/walking_bass_transcription_dnn

Algorithm for walking bass transcription in jazz ensemble recordings using Deep Neural Networks (DNN)

Primary LanguagePythonMIT LicenseMIT

Walking Bass Transcription

Algorithm for walking bass transcription in jazz ensemble recordings using Deep Neural Networks (DNN)
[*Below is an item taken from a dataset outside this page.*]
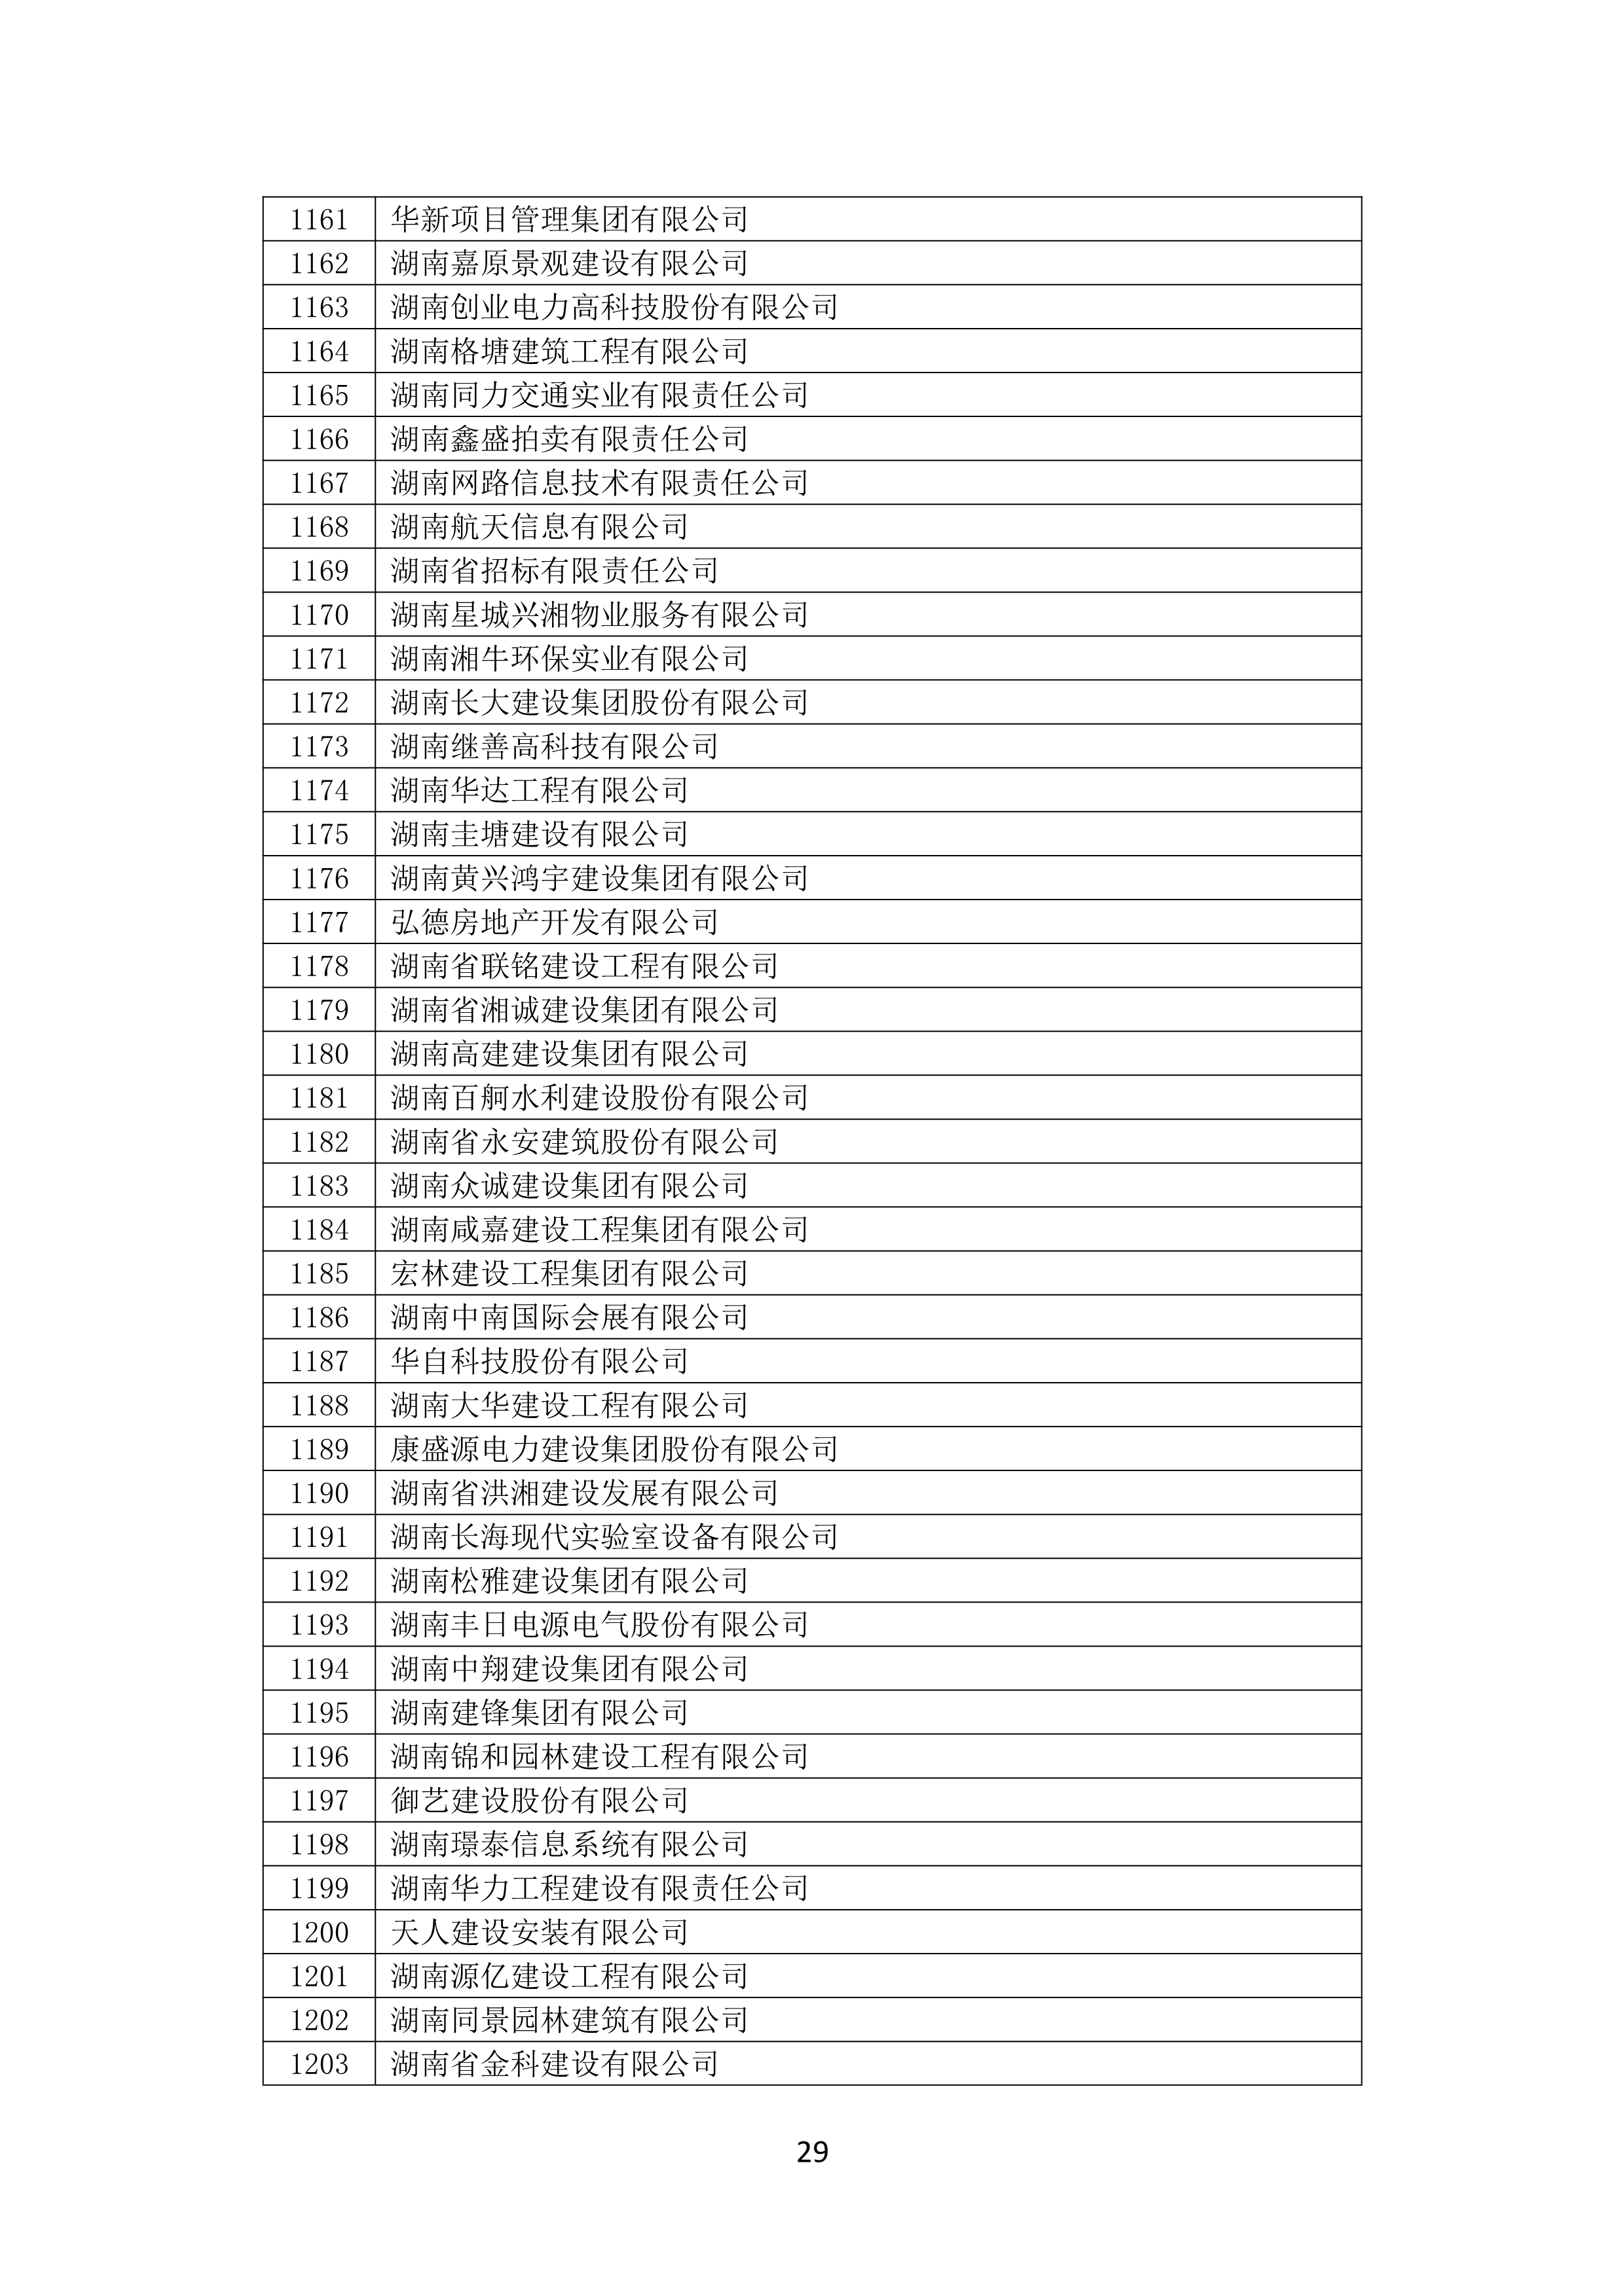 2021 年(nián)度湖南省守合同重信用企業名單_30.png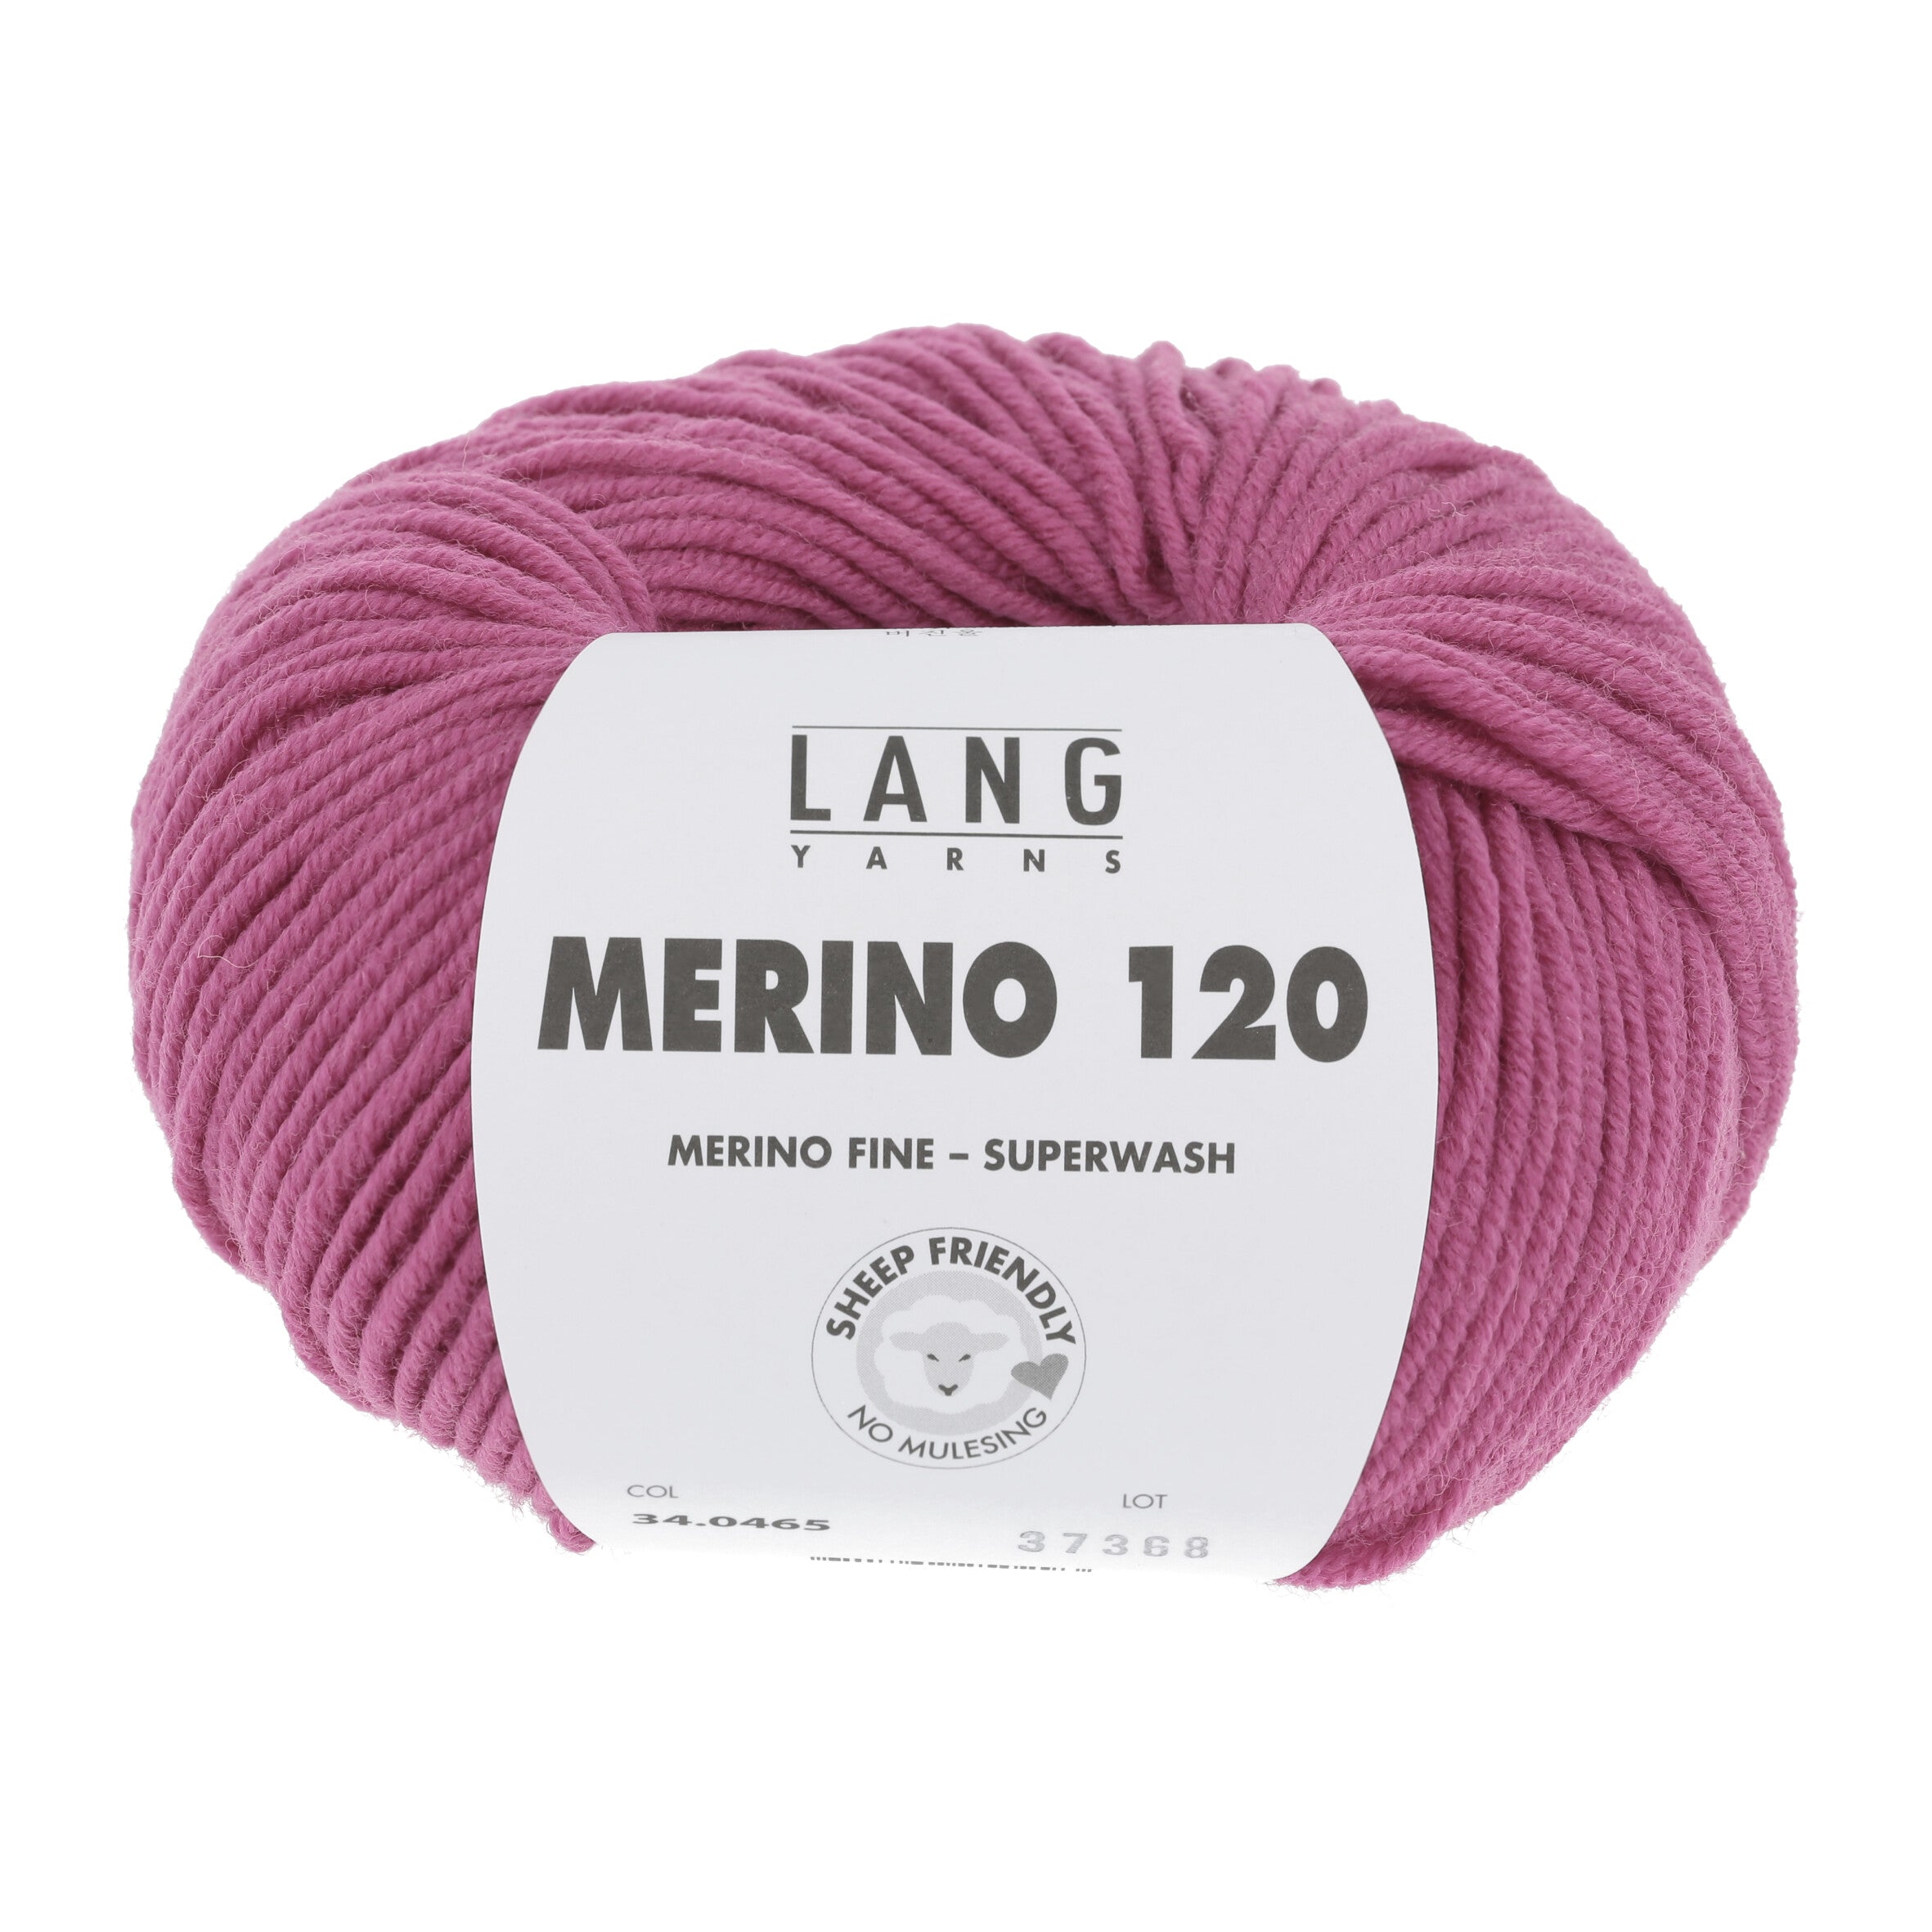 MERINO 120 von LANG YARNS jetzt online kaufen bei OONIQUE

  • J. Abeßer, S. Balke, K. Frieler, M. Pfleiderer, M. Müller: Deep Learning for Jazz Walking Bass Transcription, AES conference on Semantic Audio, Erlangen, Germany, 2017

Audio examples can be found here:

This algorithm was used to create the beat-wise bass pitch values included in the Weimar Jazz Database

The script requires the Python packages

  • python 3.X
  • numpy
  • scipy
  • keras
  • librosa
  • pysoundfile
  • h5py

We recommend you to install miniconda (https://conda.io/miniconda.html). You can create a suitable environment using

conda env create -f conda_environment.yml

and activated it via

source activate walking_bass_transcription

example

Now you can run the transcription algorithm on a test file by calling

python transcriber.py

After running the transcriber on the test file ArtPepper_Anthropology_Excerpt.wav, the bass saliency spectrogram is exported as CSV file ArtPepper_Anthropology_Excerpt_bass_pitch_saliency.csv, which can be imported into an empty pane in SonicVisualizer using the parameters

  • Timing is specified: Implicitly: rows are equally spaced in time
  • Audio sample rate (Hz): 22050
  • Frame increment between rows: 1024

Here's an example of the output:

  • WAV form
  • STFT magnitude spectrogram
  • bass saliency spectrogram

Sonic Visualizer Screenshot

Enjoy.

adaptive tatum detection

Now the transcriber has a new aggregation method 'flex-q', which checks for each beat, which tatum subdivision is the most likely one. The note events are generated accordingly.

pitch saliency threshold

Furthermore, a lower saliency thresholds allows to ignore beats / sub-beats where the pitch saliency is too low.